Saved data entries
++++++++++

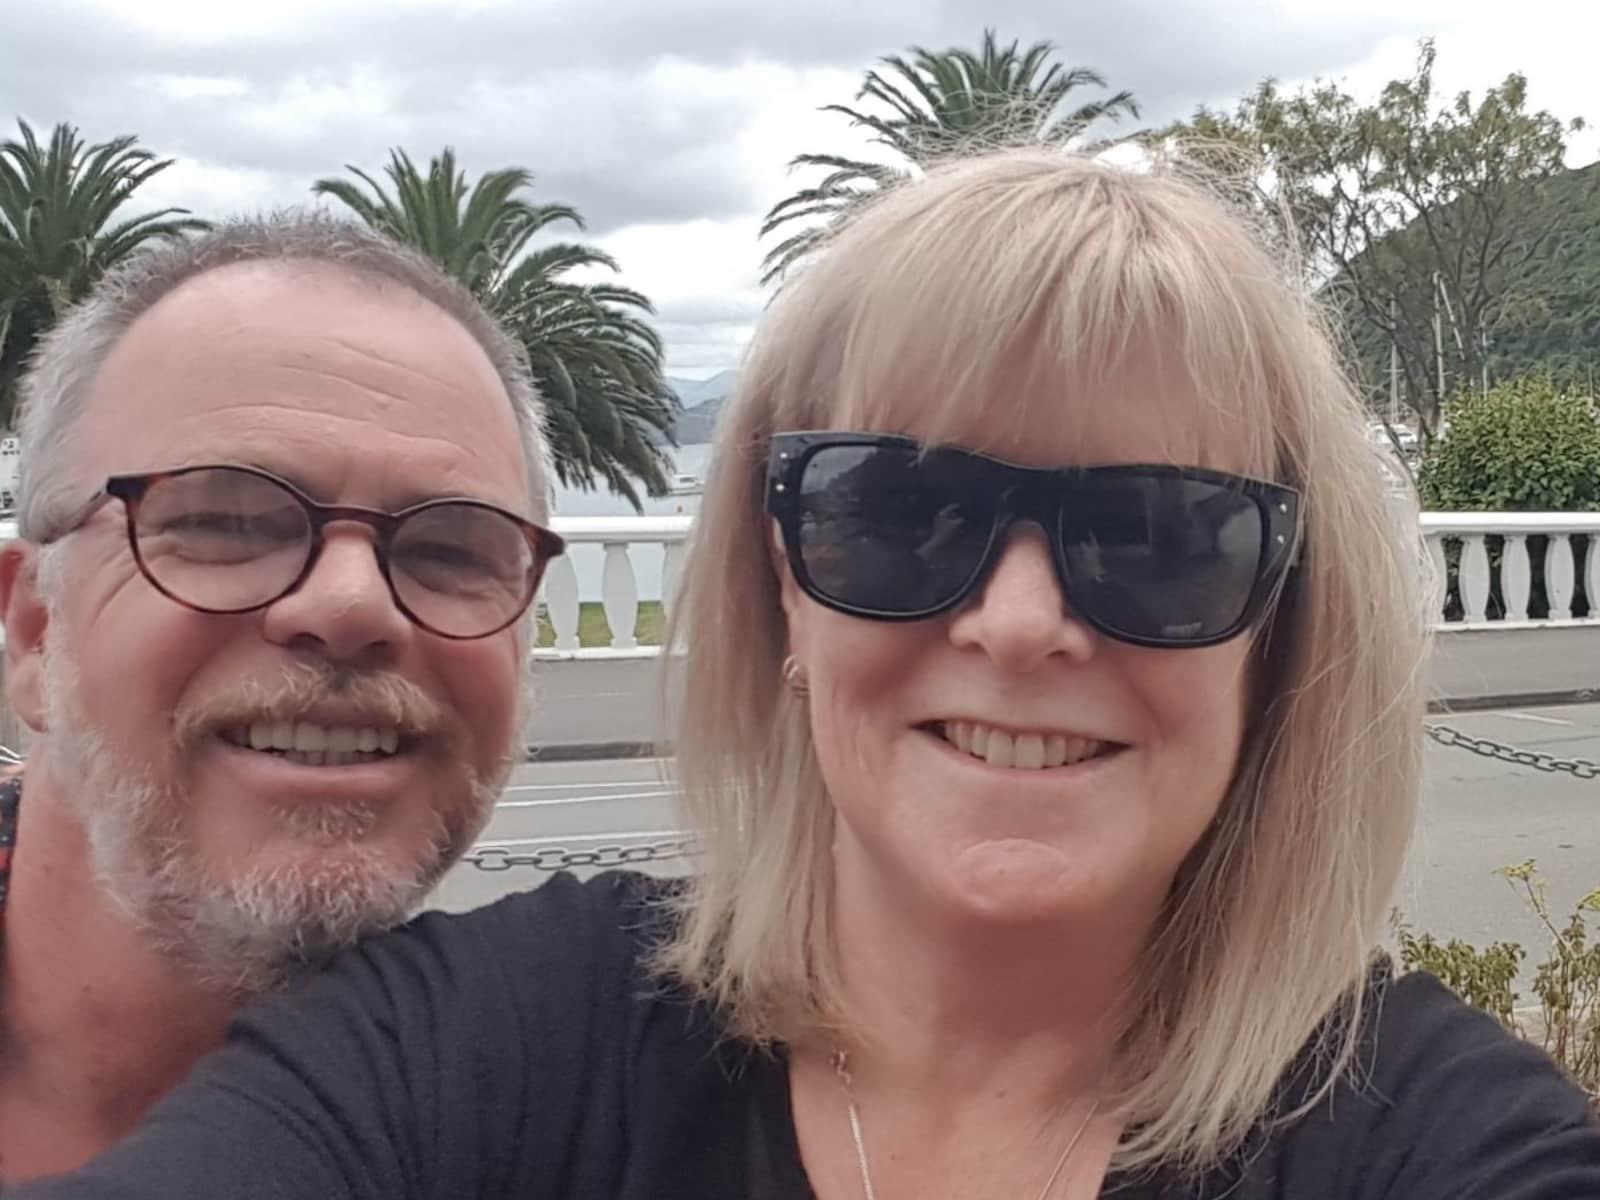 Beverley & bruce & Bruce from Dunedin, New Zealand
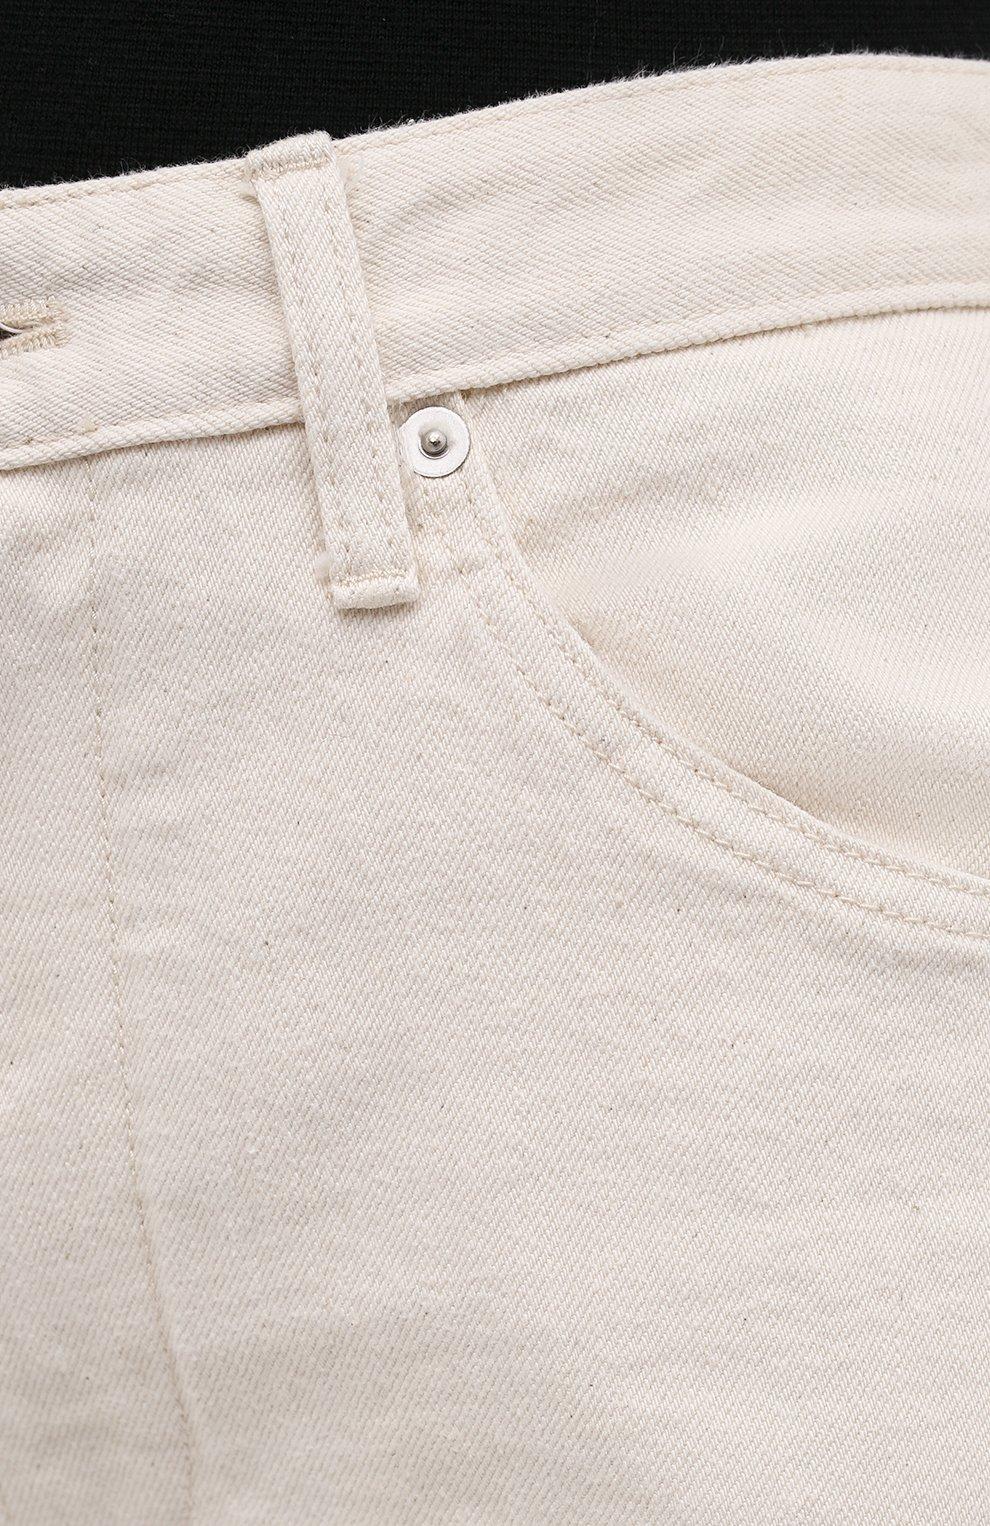 Женские джинсы JIL SANDER бежевого цвета, арт. JPPS663107-WS246500 | Фото 5
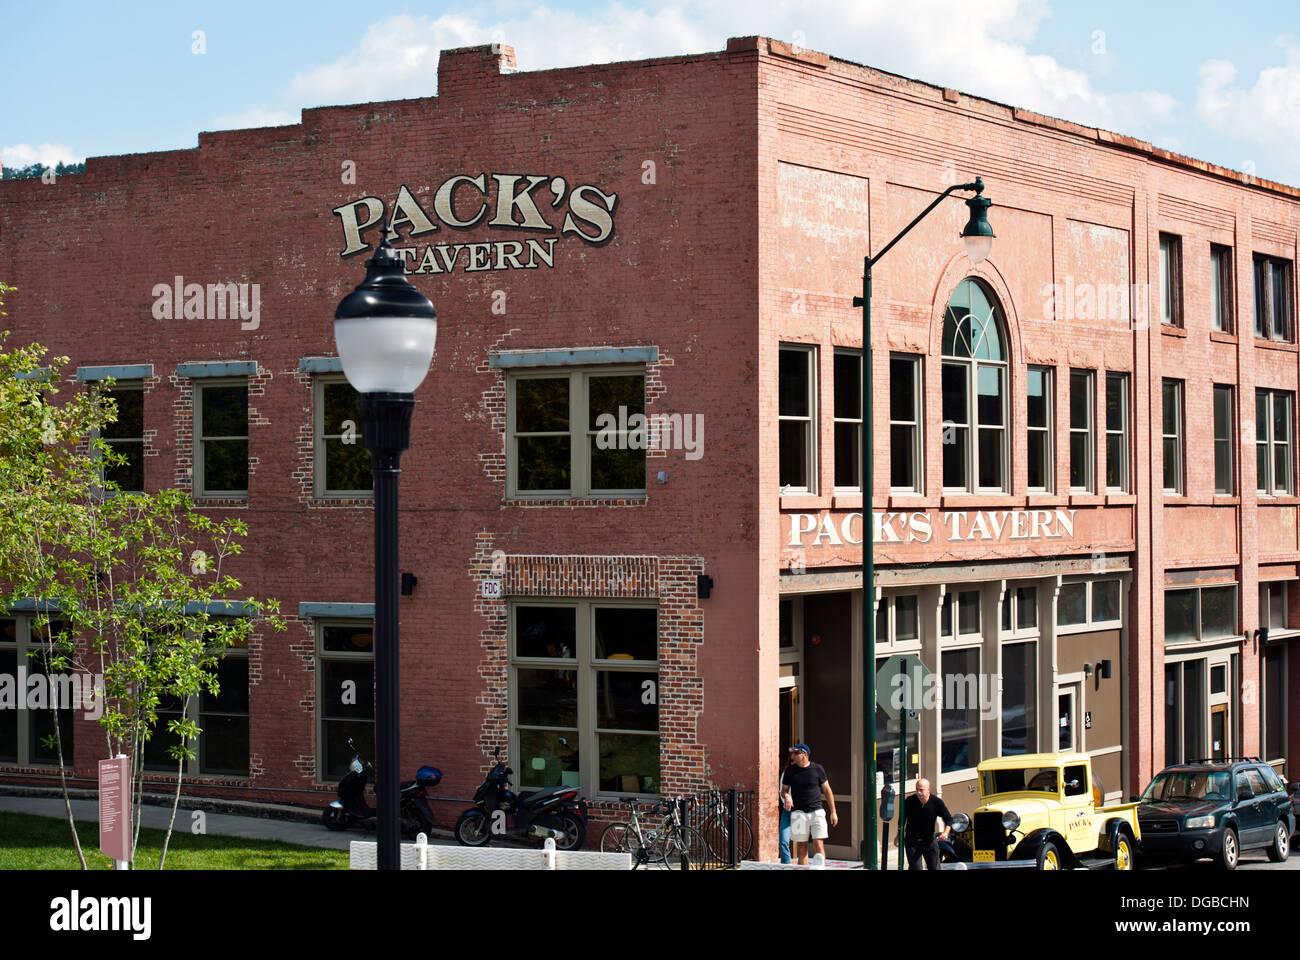 Packs Tavern in Asheville, North Carolina - Stock Image
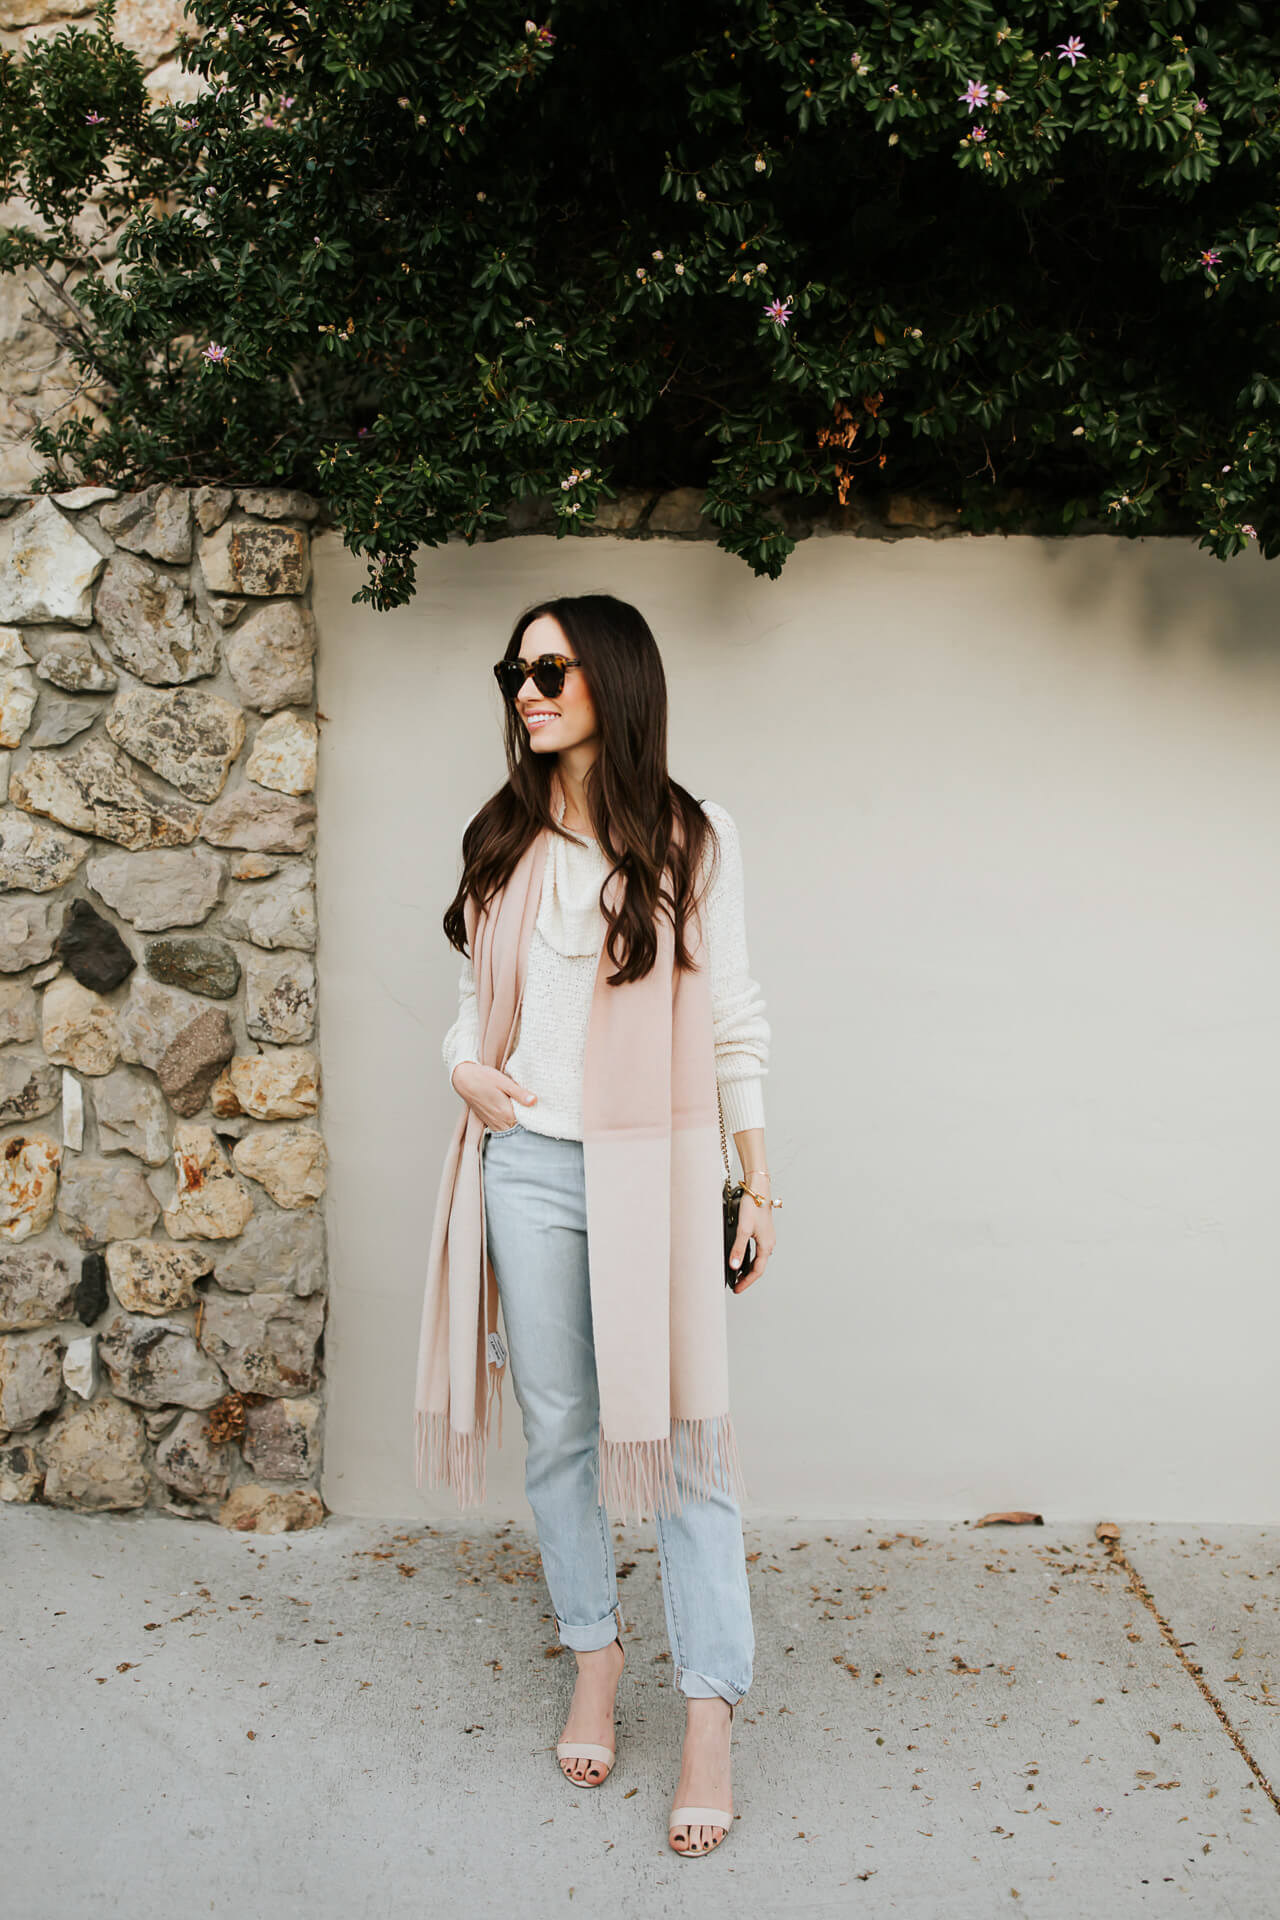 LA Fashion Blogger styles neutral for winter -  M Loves M @marmar
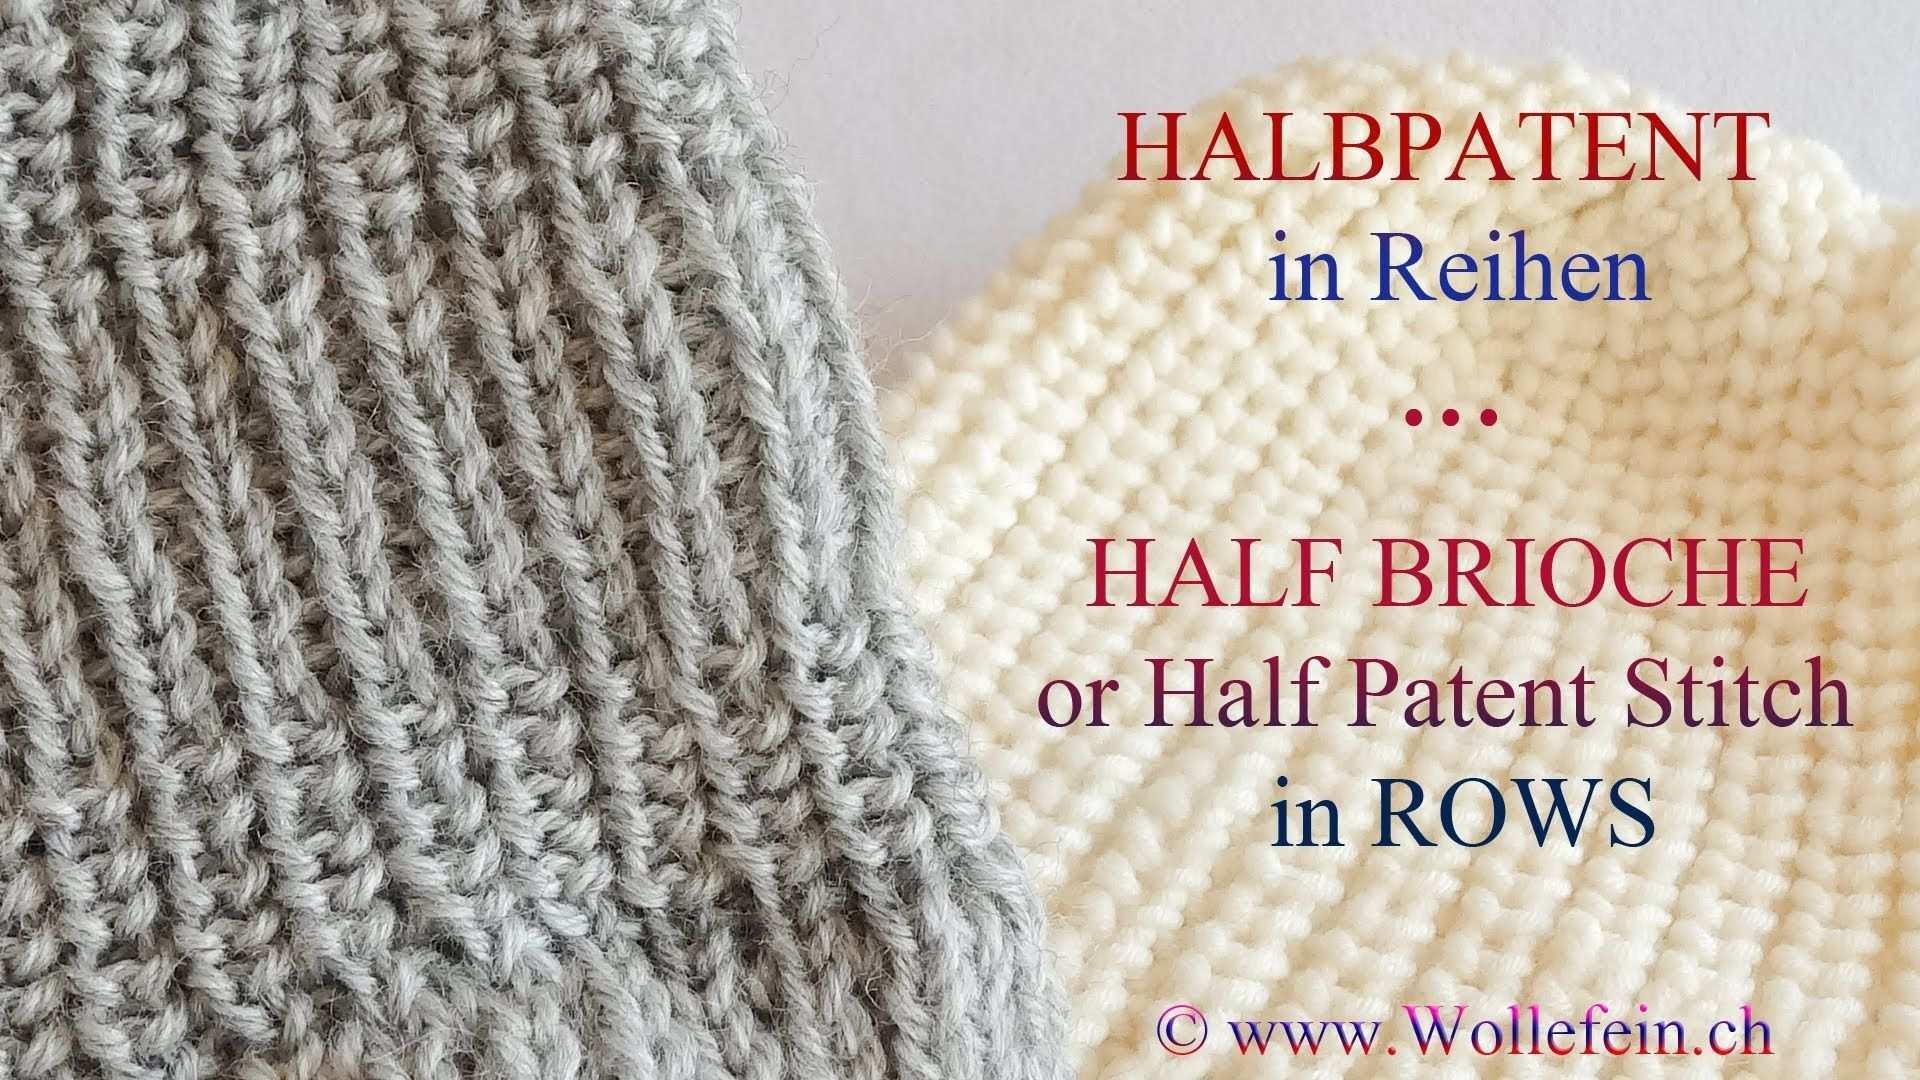 Halbpatent In Reihen Half Patent Or Half Brioche Stitch In Rows Crochet Cable Baby Blanket Crochet Pattern Crochet Throw Pattern

++++++++++

» What to produce:
Output, exactly and with no pictures, every line from the one that contains "Packs Tavern in" through the final line of the entries.

» Final answer:
 Packs Tavern in Asheville, North Carolina - Stock Image
 LA Fashion Blogger styles neutral for winter -  M Loves M @marmar
 Halbpatent In Reihen Half Patent Or Half Brioche Stitch In Rows Crochet Cable Baby Blanket Crochet Pattern Crochet Throw Pattern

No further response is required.